Ironically, Bastiat was a journalist. But he was a rare one who understood political economy. “Not to know political economy is to allow oneself to be dazzled by the immediate effect of a phenomenon; to know political economy is to take into account the sum total of all effects, both immediate and future,” Bastiat wrote. Most journalists are dazzled by the immediate effects, which it is their job to see. That’s why they usually aren’t very good at economics.

The Editorial Board of the Wall Street Journal is appropriately aghast at the bipartisan hostility to Nippon Steel’s effort to purchase U.S. Steel. A slice:

Ms. Harris is apparently undaunted by economic illiteracy, telling a Monday rally in Pittsburgh that “U.S. Steel should remain American-owned and American-operated.”

A politician with the U.S. national interest in mind would celebrate the Nippon Steel deal, which would boost U.S. manufacturing. The Japanese firm has promised to spend $2.7 billion refurbishing the Pittsburgh steel maker’s aging plants. It has also agreed to honor U.S. Steel’s collective-bargaining agreements with the United Steelworkers.

The union has nonetheless lobbied the Administration to block the deal because it prefers a takeover by Cleveland-Cliffs, a union shop like U.S. Steel. The union wants to create a domestic cartel shielded from competition by the Trump-Biden 25% steel tariffs.

Noah Rothman rightly criticizes the idiotic ‘economics’ uses to justify Harris’s case for price controls.
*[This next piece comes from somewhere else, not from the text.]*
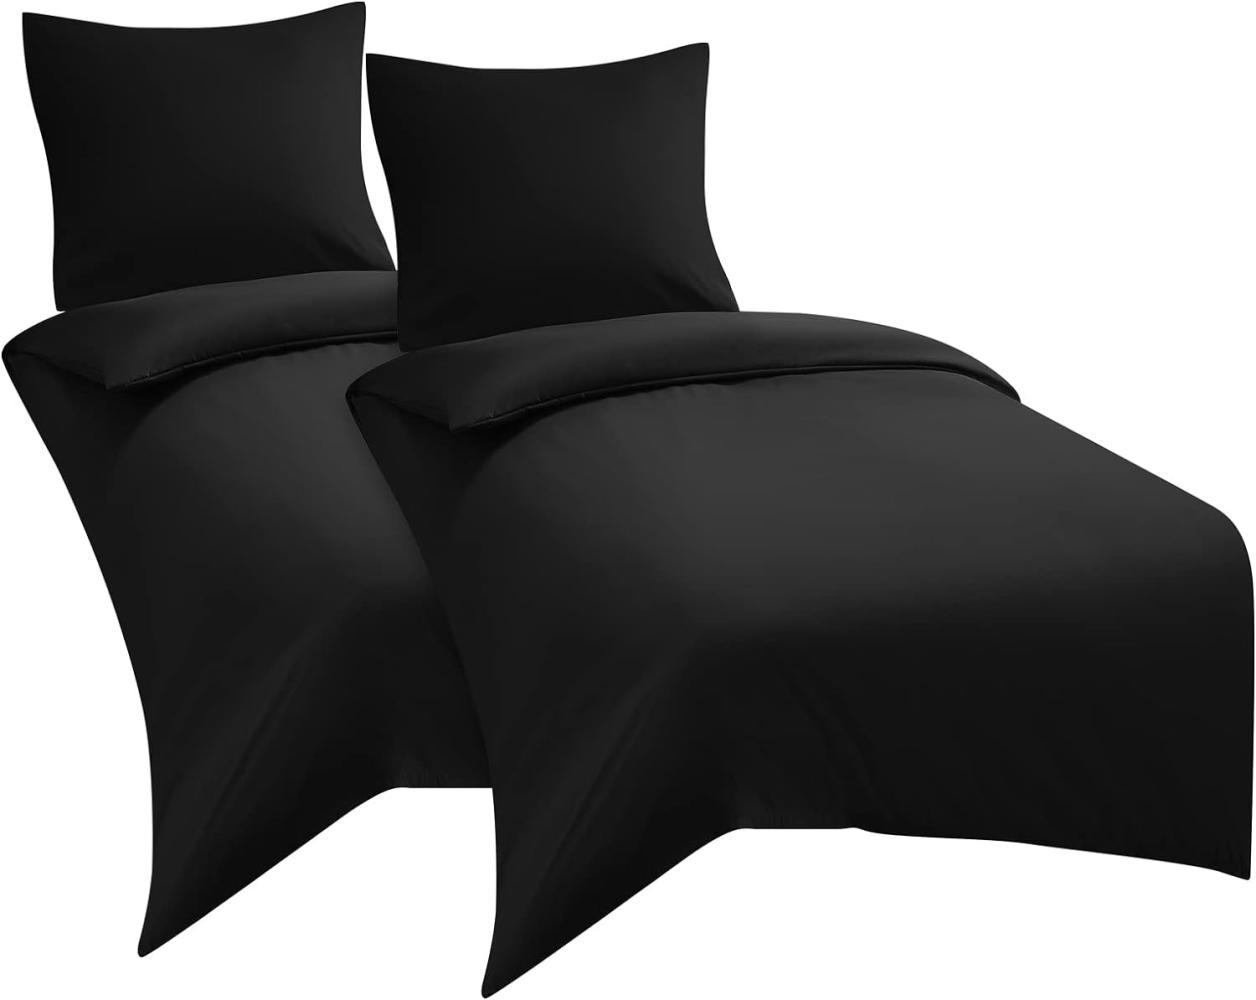 WAVVE Bettwäsche 135x200 4teilig Schwarz - Bettbezüge 135 x 200 2er Set mit Kissenbezüge 80x80 cm, Bettwäsche-Sets 135x200cm aus Mikrofaser mit Reißverschluss Weich Bild 1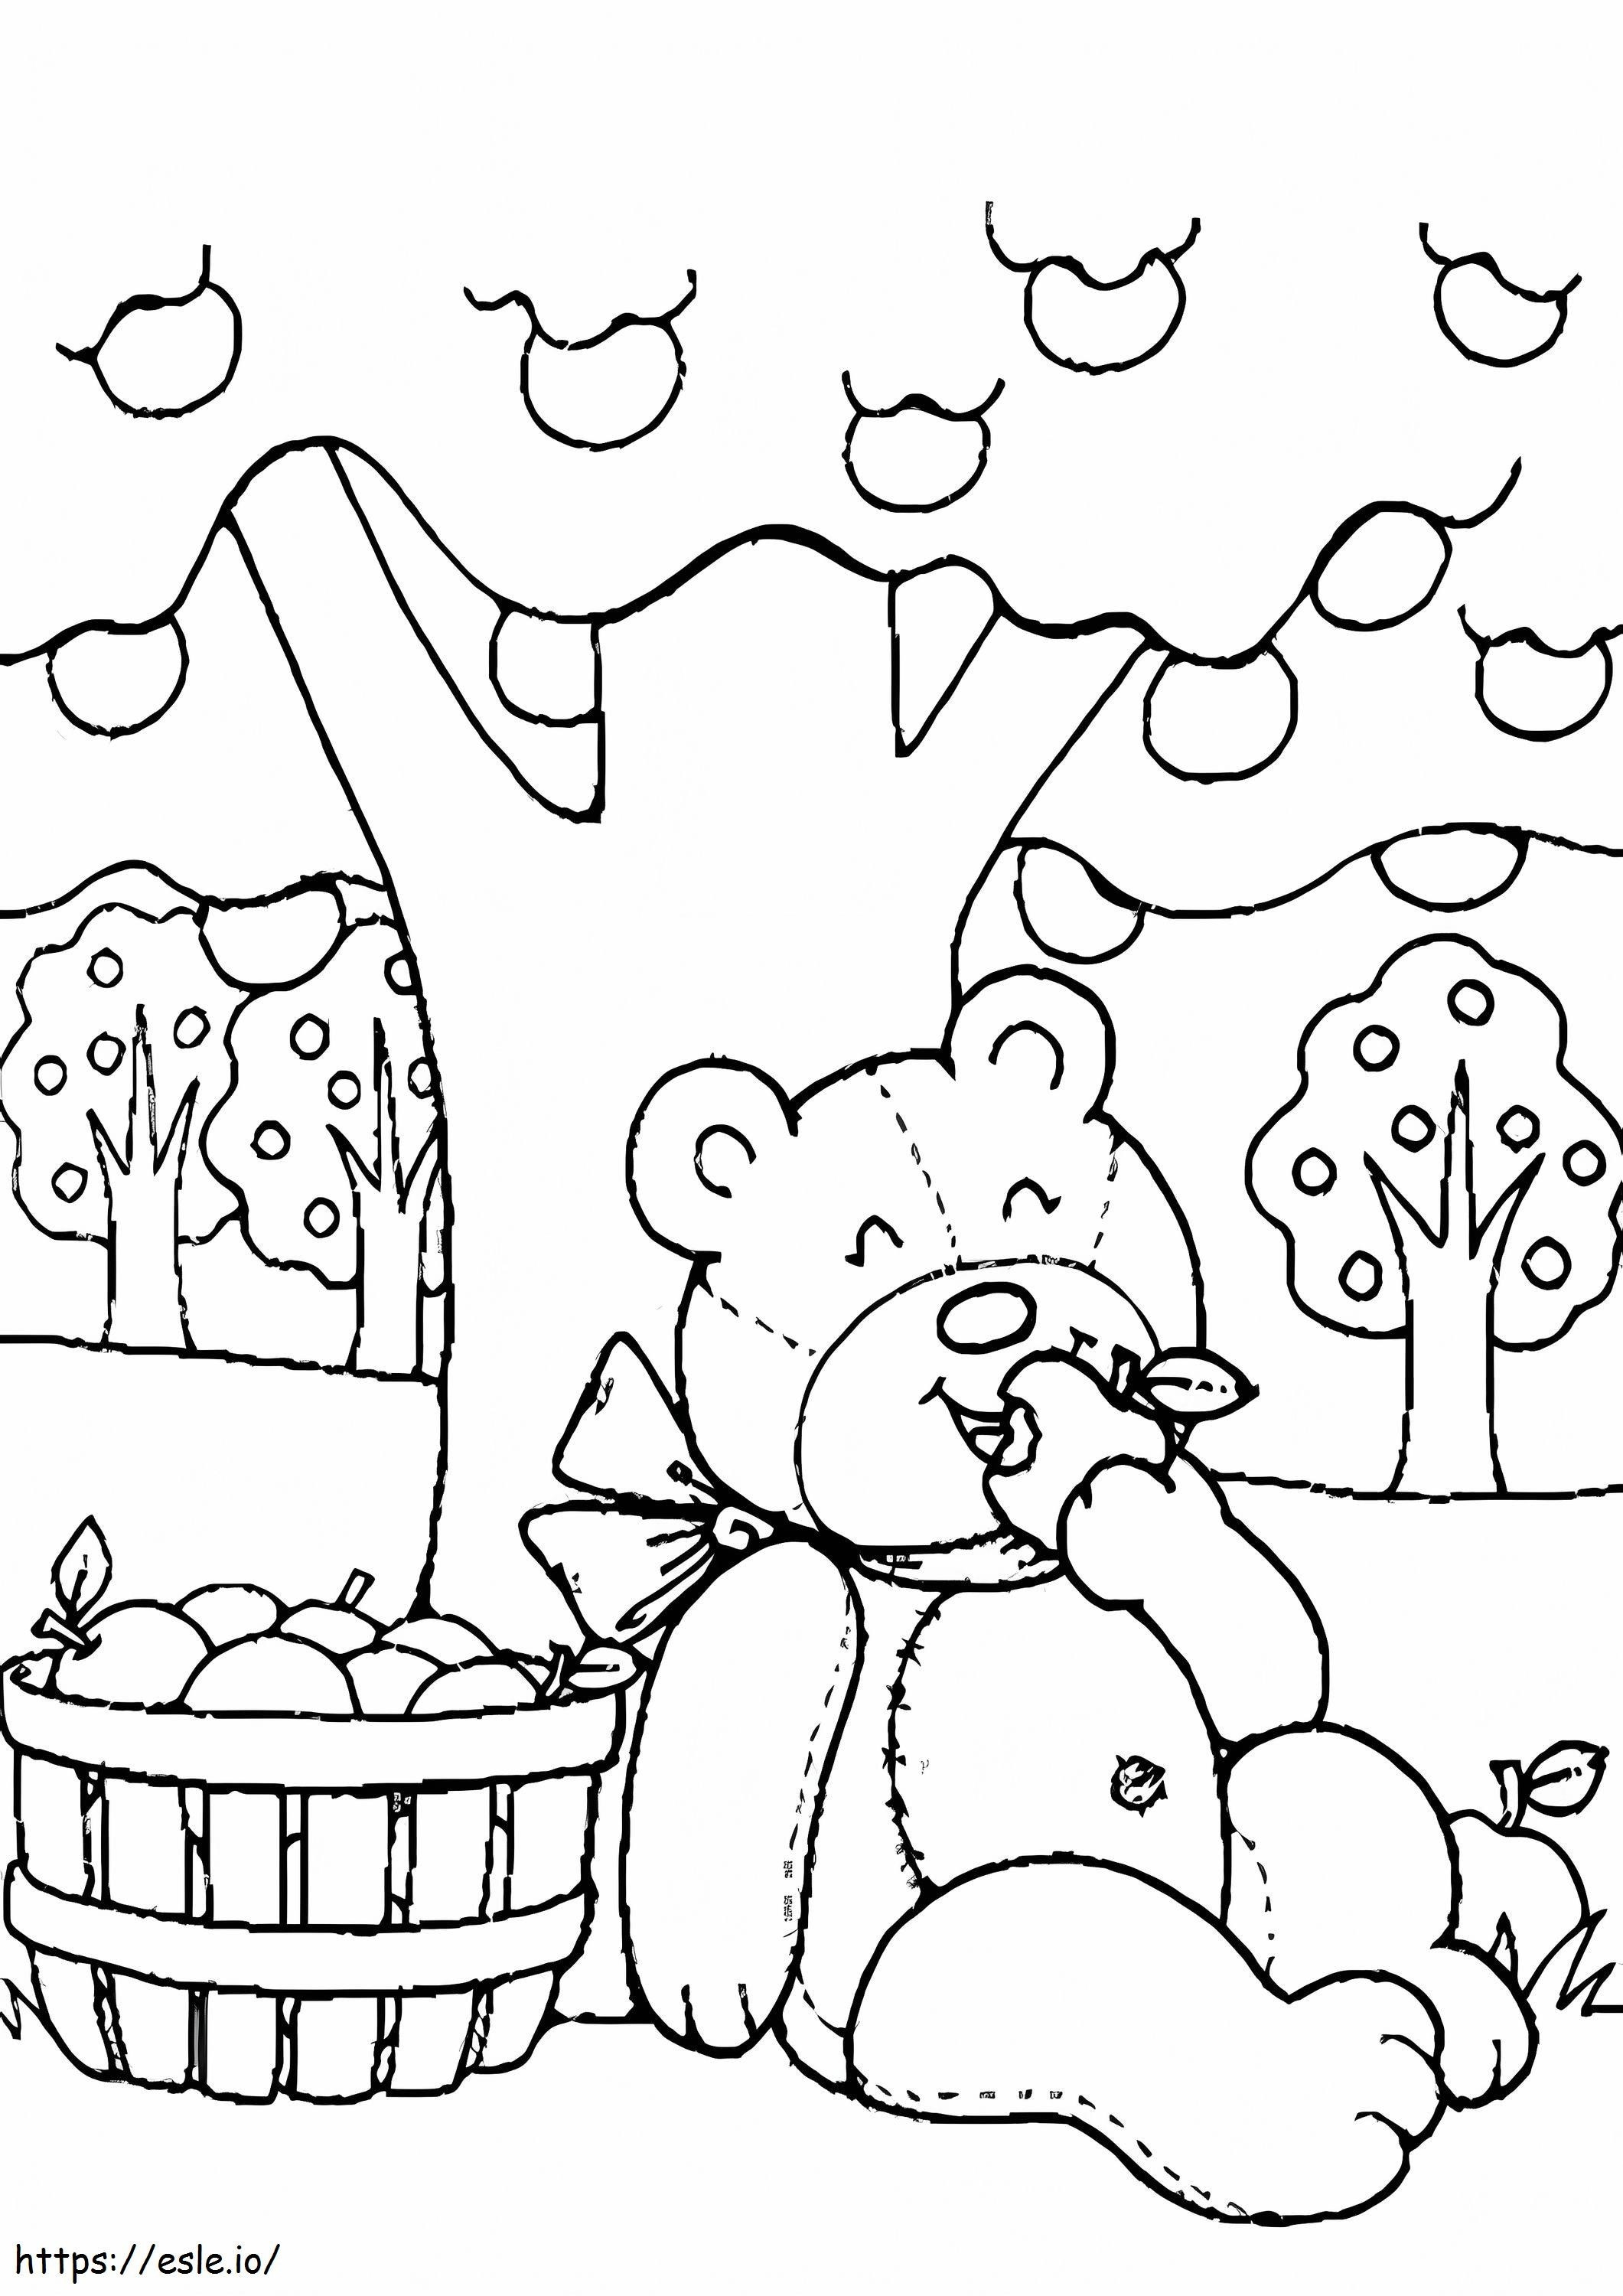 Urso de pelúcia comendo maçãs com macieira para colorir

My Mercatus Center colleague Alden Abbott, writing at Forbes, explains why he disapproves of two recent Biden administration antitrust actions. A slice:

Cases like RealPage threaten to chill the beneficial use of pricing algorithms that allow firms to adjust more swiftly to changing market conditions by pricing more efficiently. The fact that a particular algorithmic software package is favored by many firms in an industry may merely indicate that the package is widely seen as superior. Disincentivizing individual reliance on a favored business tool undermines, rather than promotes, competition.

Here’s the abstract of a July 2024 paper by Carl Shapiro and Ali Yurukoglu: (HT Brian Albrecht)

Has the United States economy become less competitive in recent decades? One might think so based on a body of research that has rapidly become influential for antitrust policy. We explain that the empirical evidence relating to concentration trends, markup trends, and the effects of mergers does not actually show a widespread decline in competition. Nor does it provide a basis for dramatic changes in antitrust policy. To the contrary, in many respects the evidence indicates that the changes observed in a number of industries are likely to reflect competition in action. We highlight research that points to targeted interventions that can enable antitrust enforcement policy to better promote and protect competition. Throughout the paper, we identify open questions and opportunities for future research in the cross-industry evidence-at-scale paradigm, the industry-specific study paradigm, and their intersection.